• EXERCISE REQUIREMENTS: Pictures are to be left out. Return exactly the lines below from the one with "Decoraci n f" up to and including the one with "gatto-su-sedia-con-dita-in-più".

• RECORDS PROVIDED:
====================

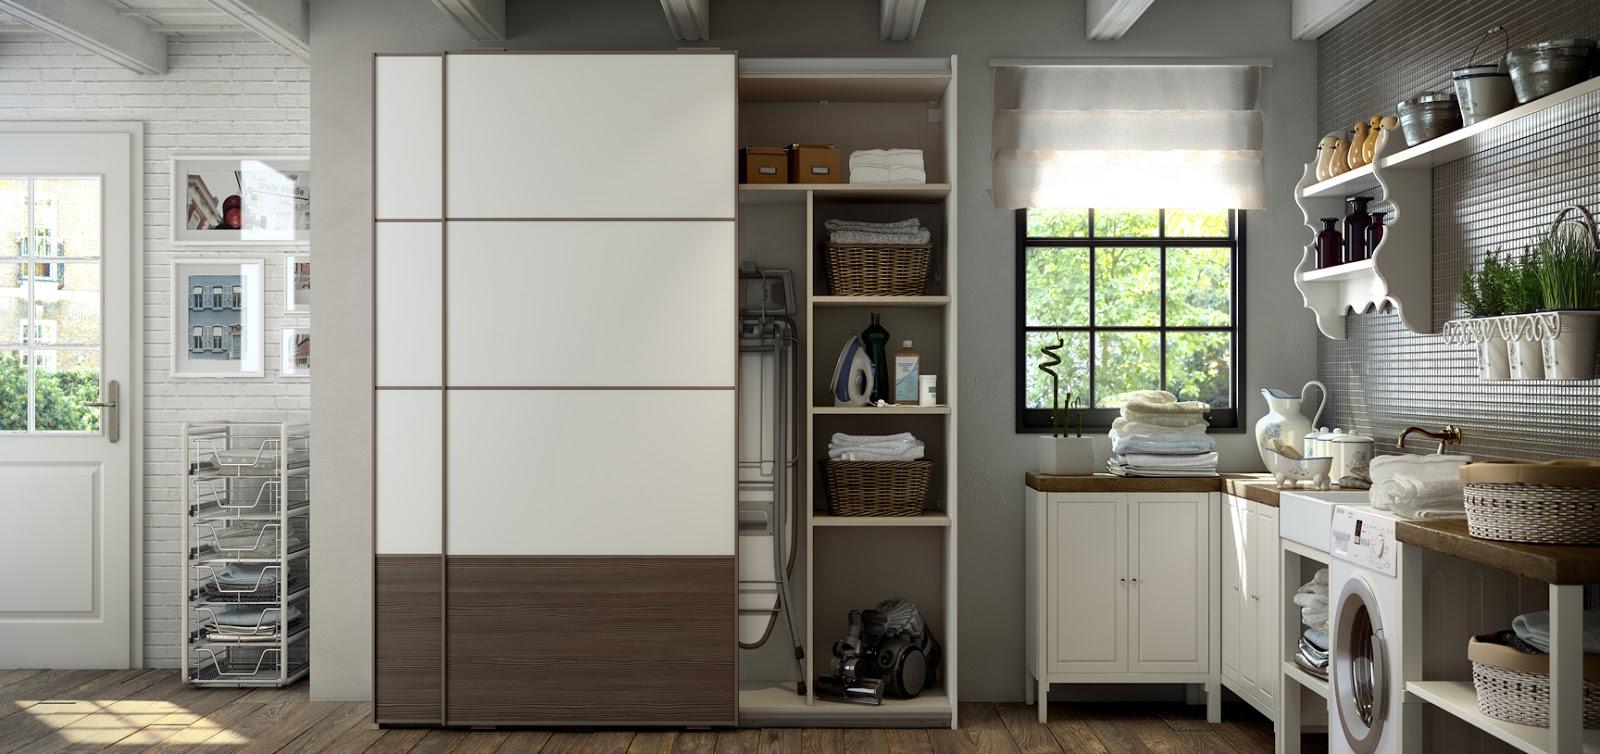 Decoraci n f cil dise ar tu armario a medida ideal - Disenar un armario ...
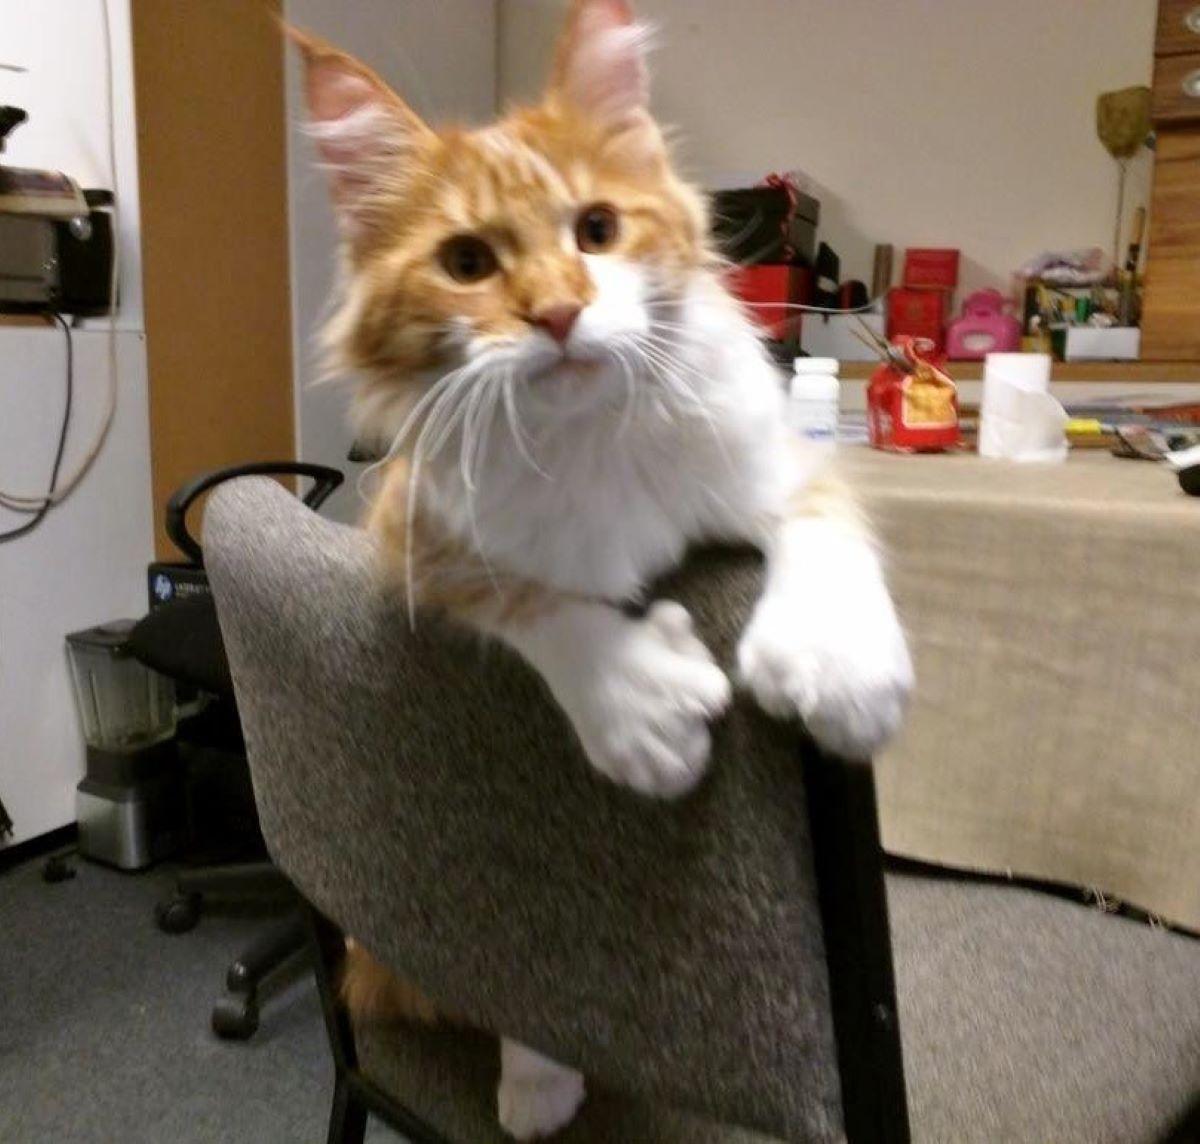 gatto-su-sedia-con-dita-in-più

====================

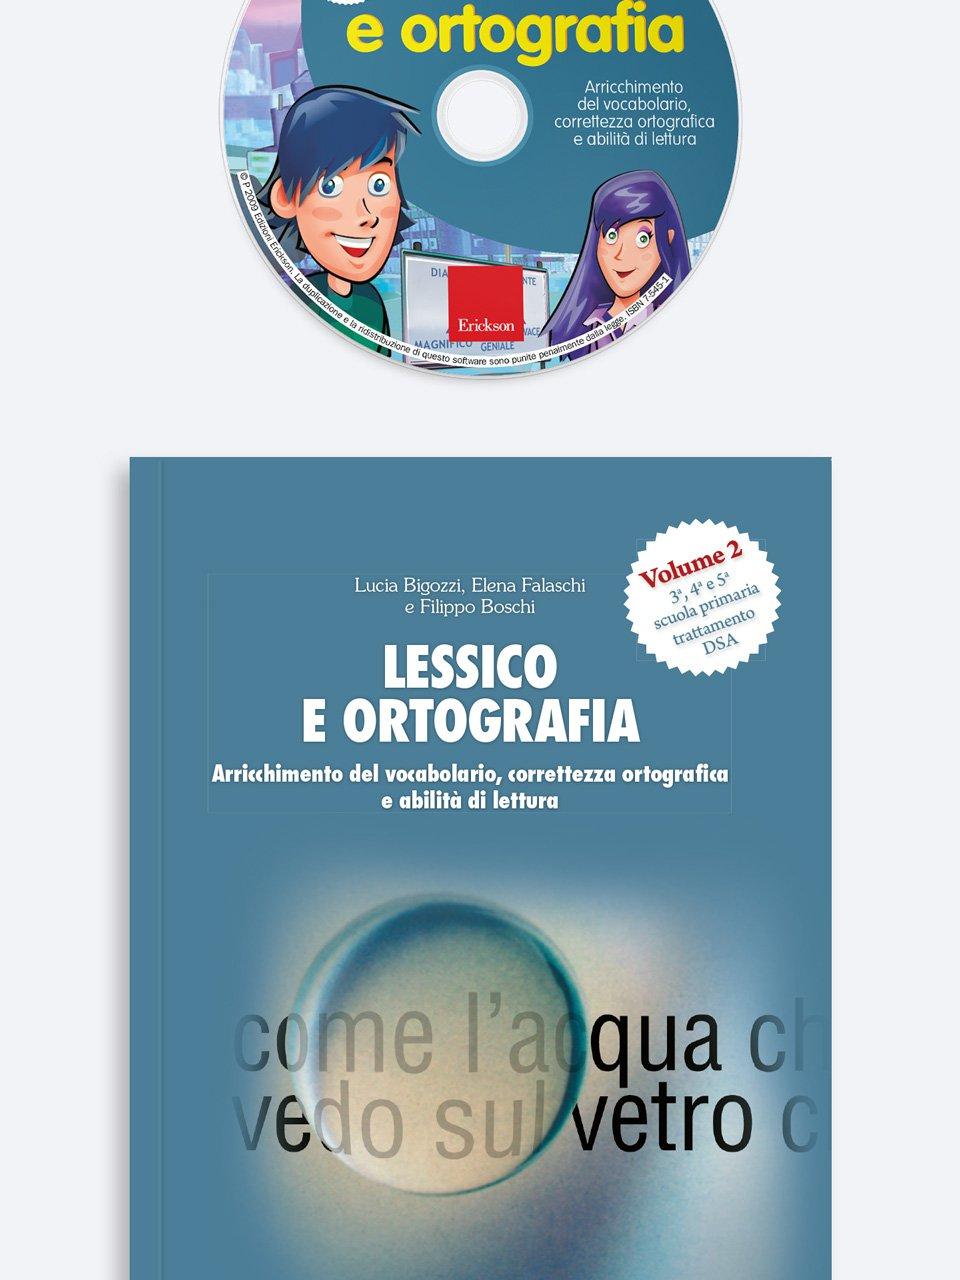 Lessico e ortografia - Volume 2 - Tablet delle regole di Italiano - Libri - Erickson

====================

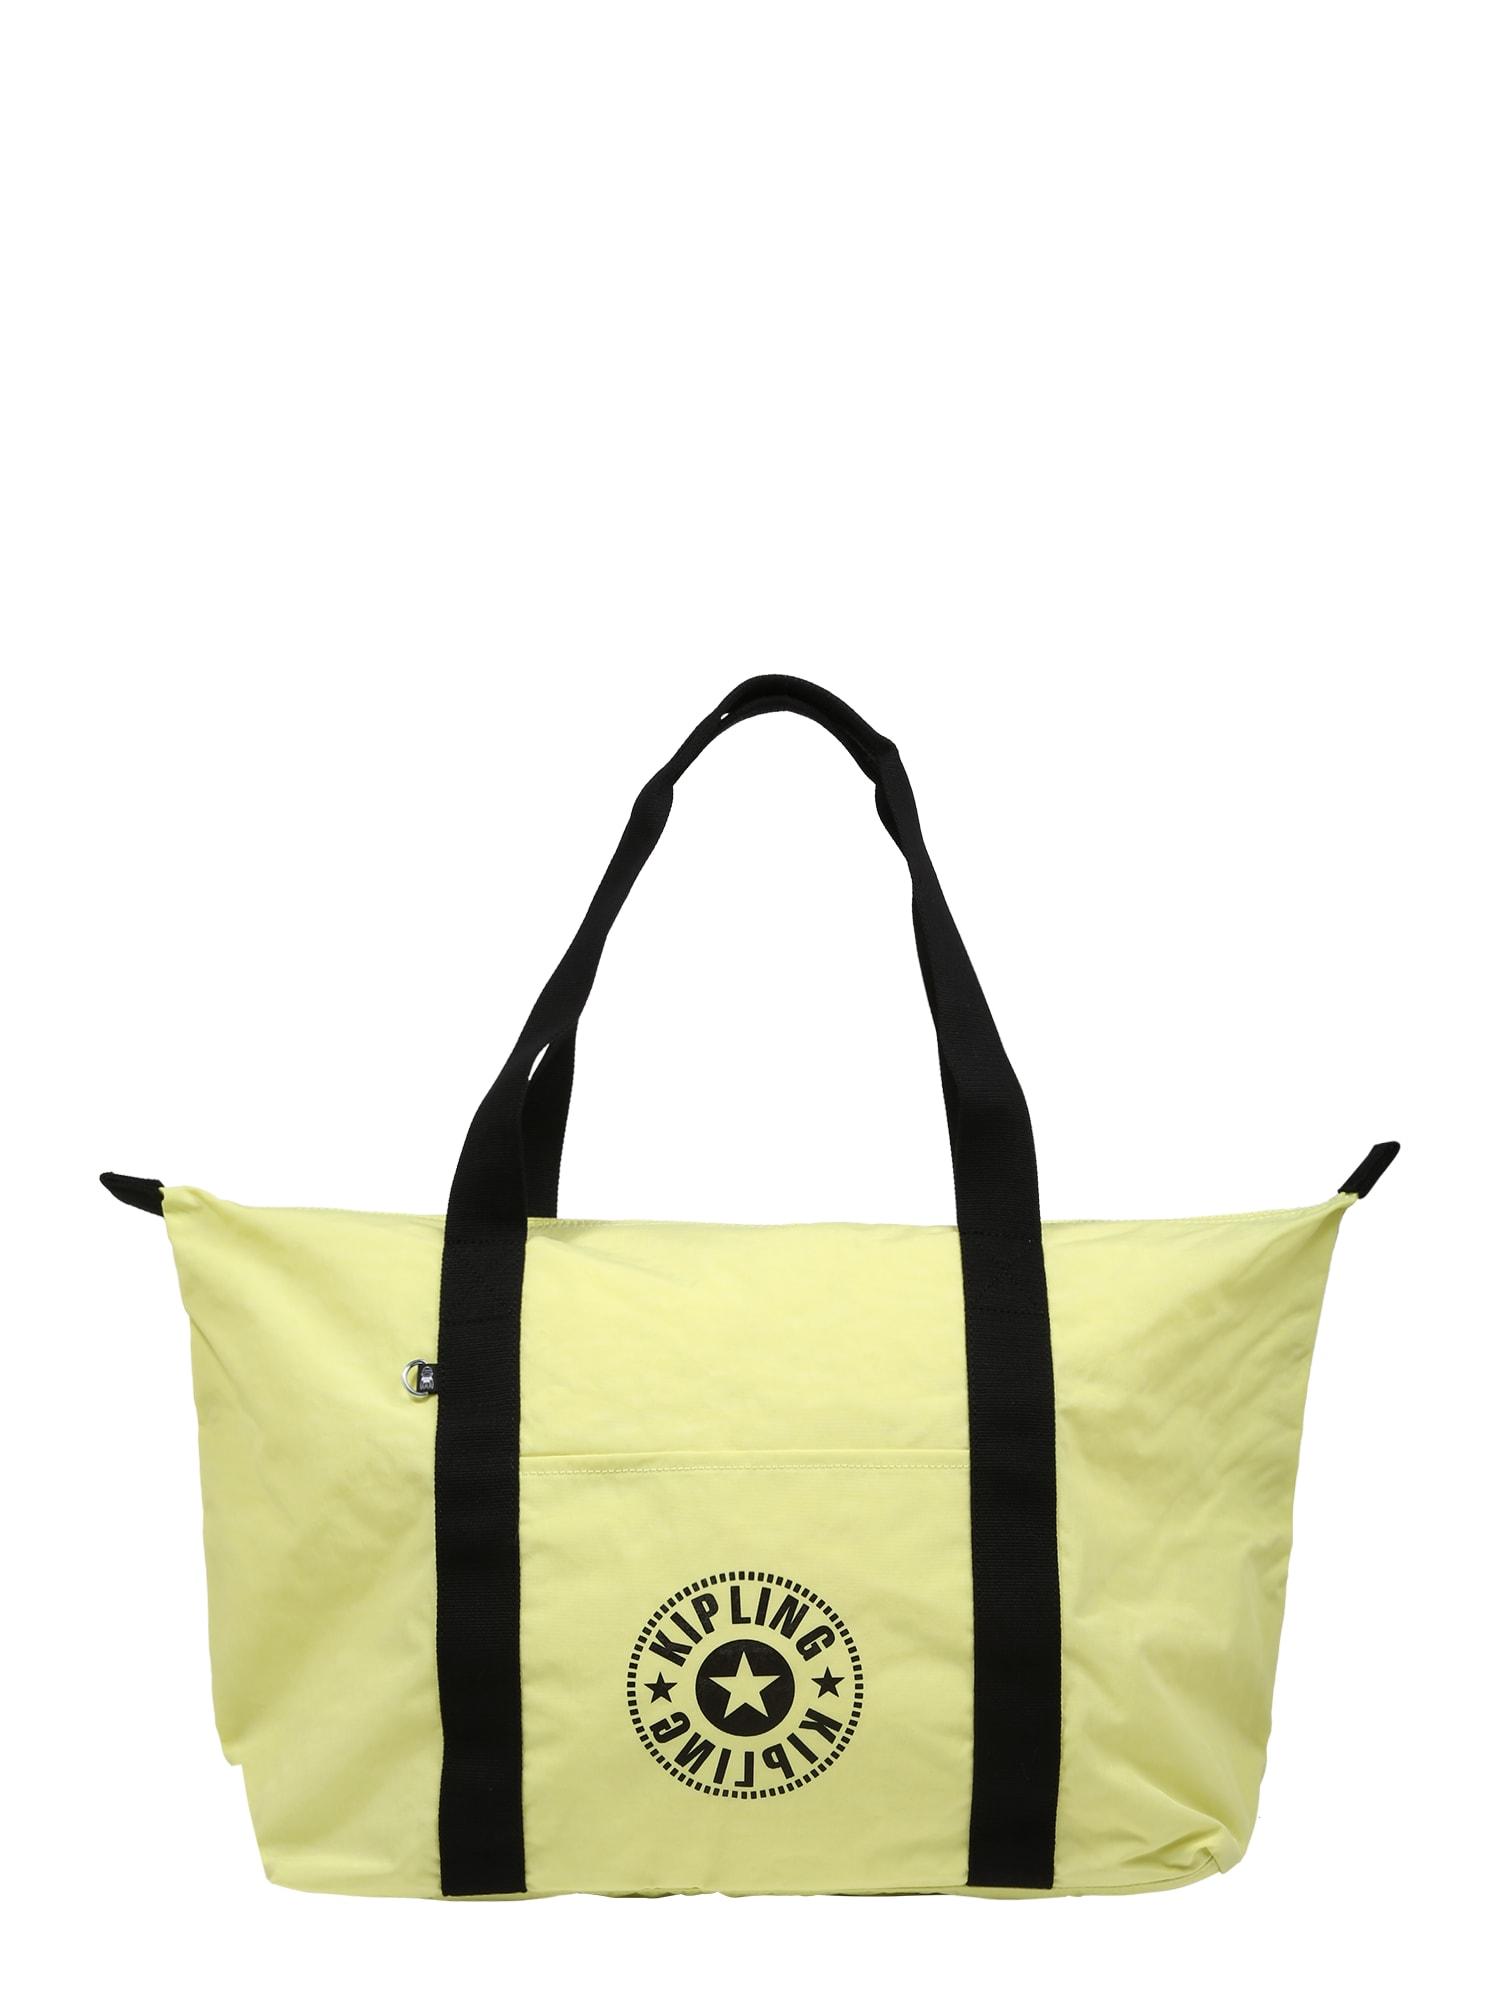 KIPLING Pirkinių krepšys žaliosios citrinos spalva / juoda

====================

• PROBLEM SOLUTION:
 Decoraci n f cil dise ar tu armario a medida ideal - Disenar un armario ...
 gatto-su-sedia-con-dita-in-più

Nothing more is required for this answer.